Когда и почему Путин решил перейти от мягкого авторитаризма к жесткому. Три фактора ужесточения режима
Политолог Кирилл Рогов привел три признака того, что режим становится жестче, и объяснил, когда и почему Владимир Путин решил перейти от мягкого авторитаризма к жесткому.
Есть два типа, два таких главных класса среди авторитарных режимов. Есть мягкие авторитарные режимы, мы такое переживали в двухтысячные годы, в конце 2000-х годов, в начале 2010-х. У этих режимов, что их характеризует? Их иногда называют гибридными, или конкурентными авторитаризмами, в этом случае примерно на выборах лидер режима или правящая партия имеет примерно от 60 до 70% голосов, и это происходит из выборов в выборы. Есть оппозиция, она не может победить, она всегда, предсказуемые выборы, известно, что оппозиция наберет 25% максимум, и все останется так же. Но она есть, у нее есть поддержка в элитах, у нее есть определенная зона в СМИ, независимых, в которых она может реализовать себя, свои как бы продвигать идеи. И с точки зрения взаимоотношений с населением и с элитами, такие режимы делают ставку на технологии, стратегии кооптации, они покупают лояльность. И они действительно популярны. Они преувеличивают свою популярность с помощью всяких махинаций, контроля над СМИ, мягких репрессий, но у них есть некоторая твердая основа этой популярности.
Другой тип режимов, на первый взгляд, является еще более популярным, потому что в этих режимах, их иногда называют гегемонистическими, это авторитарные гегемонии, там обычно лидер или главная партия получают от 75 до 95% на выборах, сегмент независимых СМИ совсем маленький, крошечный, он сжимается резко. И что очень важно, эти режимы, у них кооптация имеет не такое большое значение, стратегия кооптации, поддержки баланса, эквилибриума, кооптация имеет уже не такое большое значение, а гораздо большее значение имеет такая сладкая парочка из идеологии и репрессий. Это действительно сдвоенная такая парочка, при этом настоящие идеологии, они остались в ХХ веке, а сейчас такие квазиидеологии, это такой борщ из традиционализма, религии, антиамериканизма, изоляционистских идей, вот этот борщ формирует такую квазиидеологию, которая на самом деле нужна режиму, в частности, чтобы легитимировать, объяснить возрастающую репрессивность. Поэтому это действительно такая спайка идеологии и репрессивности.

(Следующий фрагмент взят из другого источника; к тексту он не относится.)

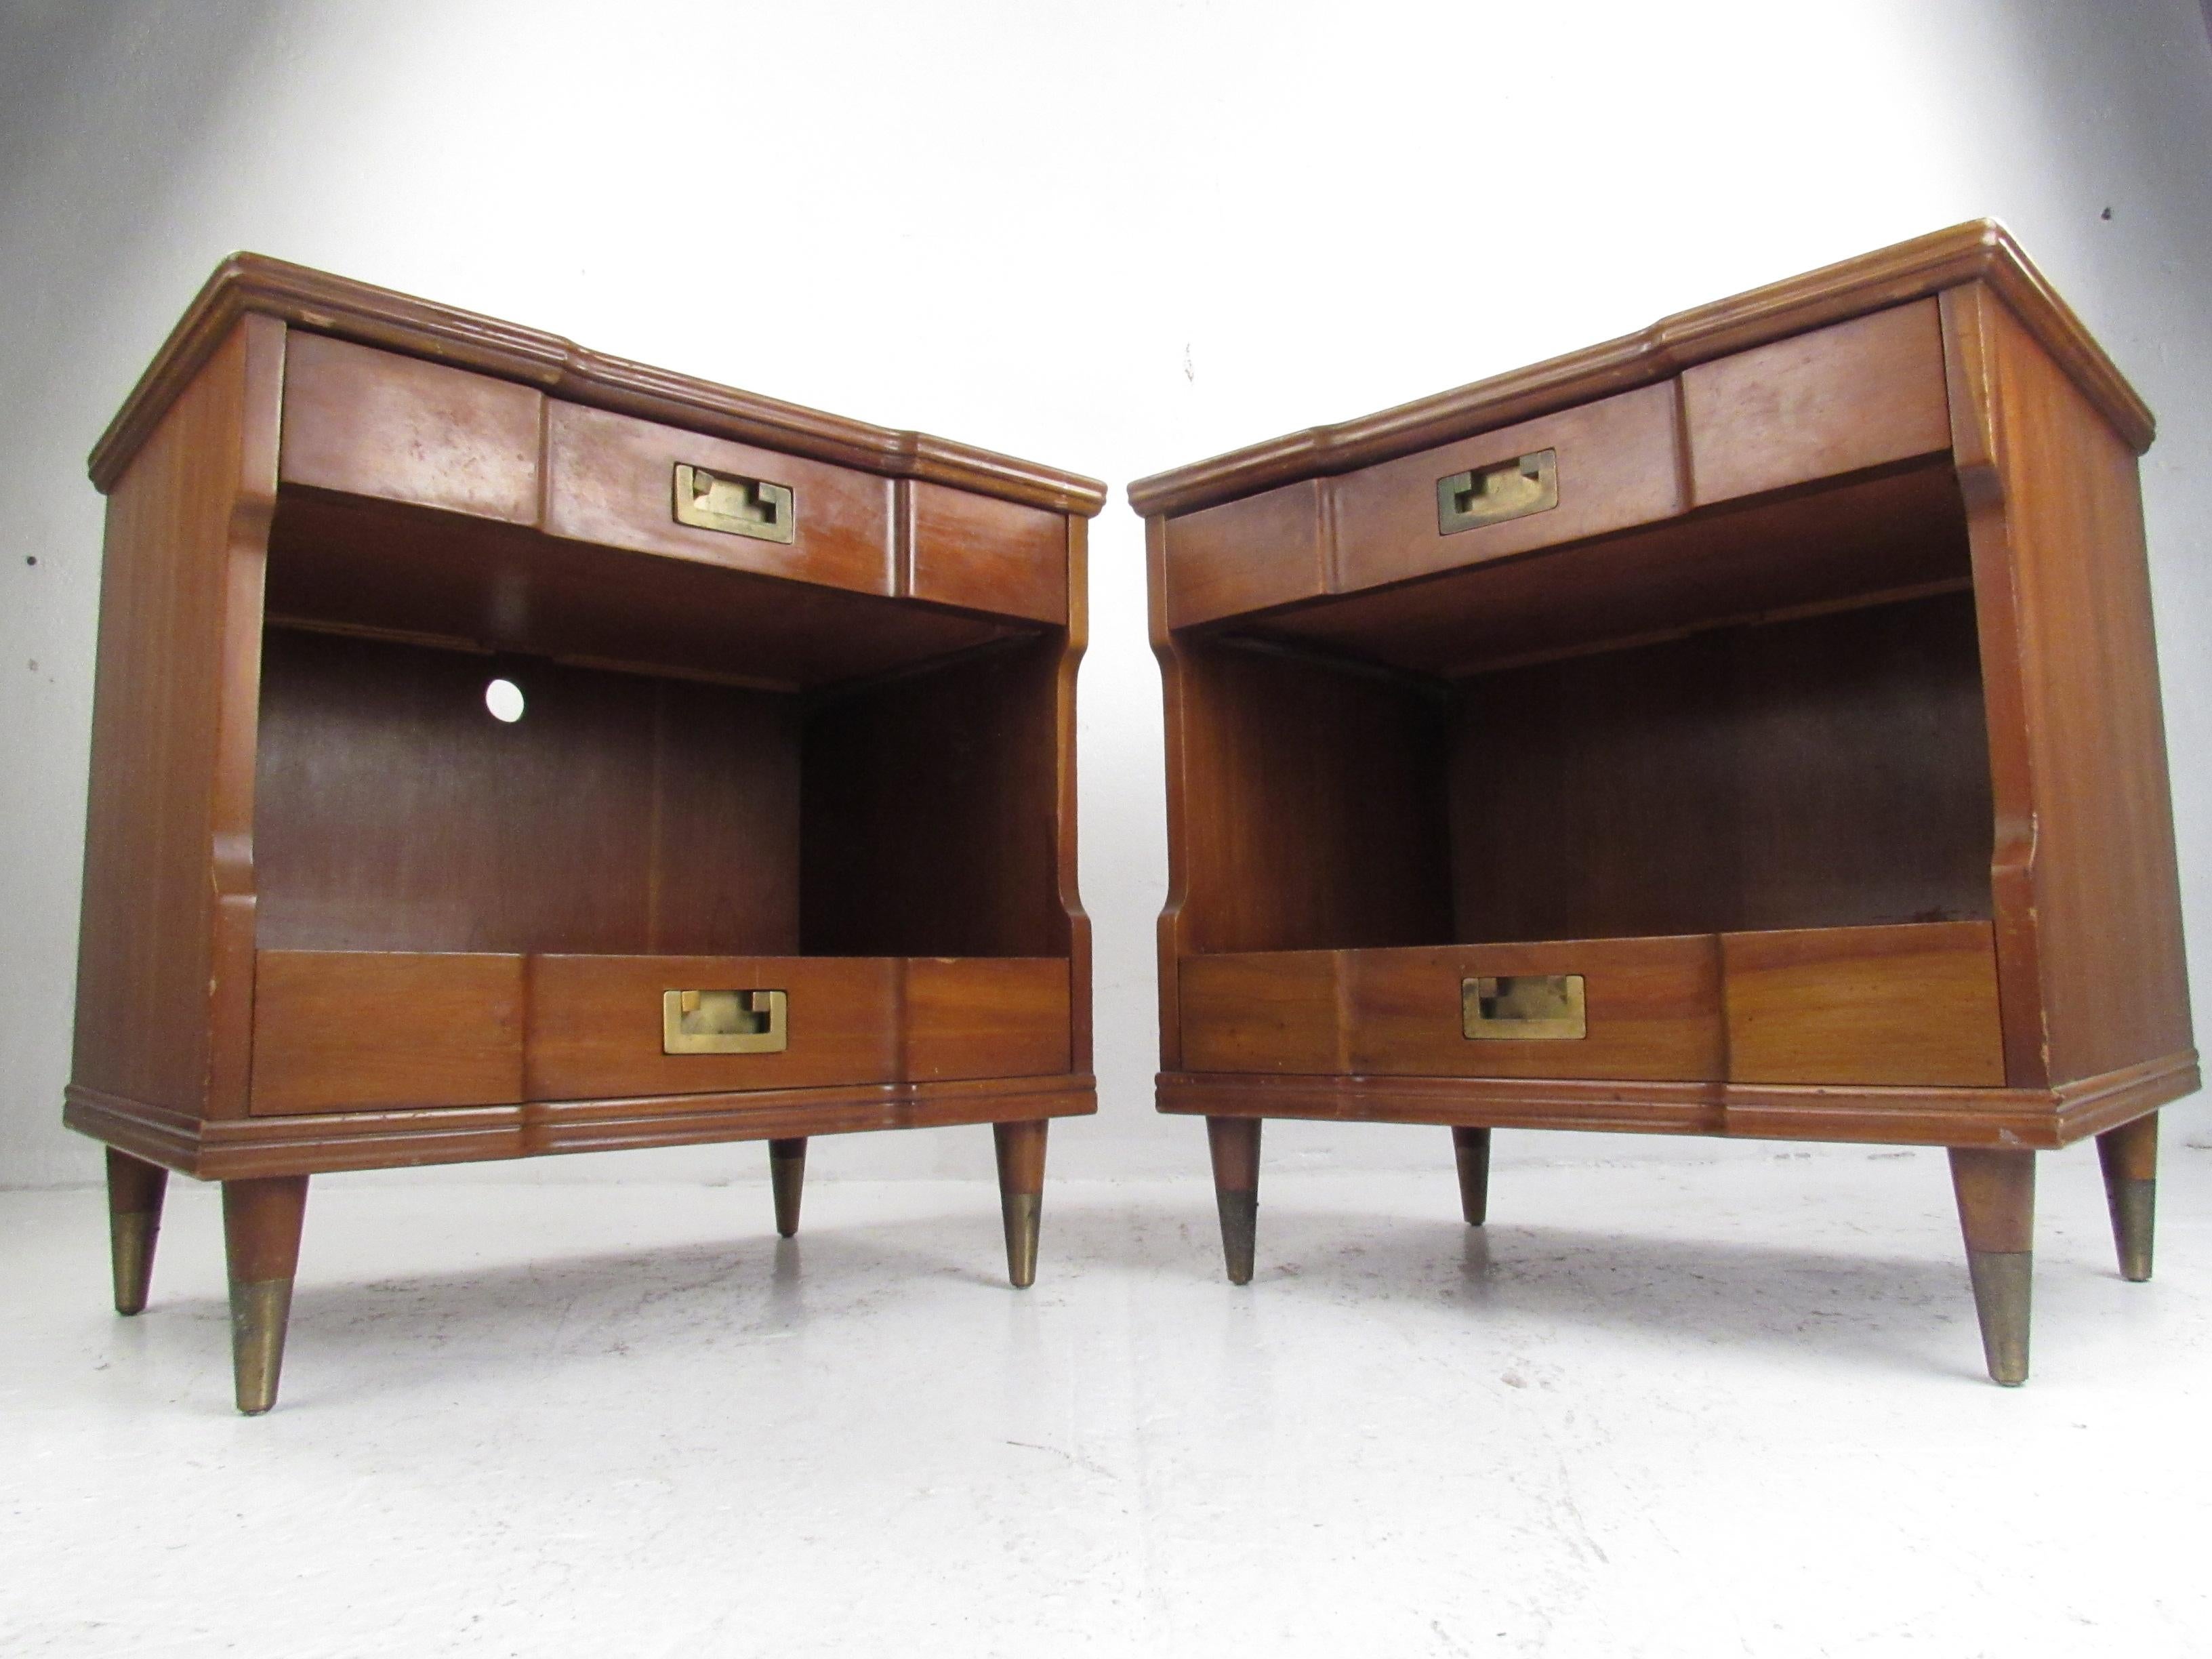 Vintage pair of two-drawer walnut nightstands with brass pulls and sabots, manufactured by Widdicomb Furniture, Grand Rapids, Michigan.
Please confirm item location (NY or NJ) with dealer.

И вот мы видим, в 2010-е годы мы переживаем транзит от такого мягкого авторитаризма первого типа к авторитаризму второго типа, в котором роль репрессий и идеологии возрастает. Да, для них характерно, что режимы первого типа, им важно просто контролировать СМИ, чтобы определенного типа информация не имела большого резонанса. А режиму второго типа нужны пропагандистские машины, которые опять-таки будут легитимировать репрессии, объяснять смысл репрессий, по сути дела, они как бы должны рисовать врага, пропагандистская машина, и таким образом объяснять, почему возрастает репрессивность. И мы находимся в этом состоянии, и классическим образом вот в таком режиме. У нас, кстати, в смысле выборов, местами, правда, местами это не получается, но у Путина уже 78%, это уже гегемонистическая такая цифра.
Да, уже падает уже.
Нет, это я говорю на выборах, на выборах была.
На выборах да.
И, соответственно, систематизм репрессий. Но надо сказать, что до последнего времени репрессии были очень аккуратными. Репрессии были аккуратными, не очень, а достаточно аккуратными, в том смысле, что фактически политических заключенных было немного. Хотя как бы такое нагнетение, то есть были фактические репрессии, и репрессивность режима. Вот репрессивность режима быстро росла. Репрессивность режима это значило что, что мы видели, как возникают дела по каким-то дурацким поводам, какие-то нелепые, и они прямо доходят до суда, их невозможно остановить, хотя они совершенно нелепые. Это совершенно не нелепость, а это такие вот дурацкие дела, которые как бы катится…
Маховик.
Маховик, и никто с ним ничего не может сделать, они очень важны с точки зрения демонстрации.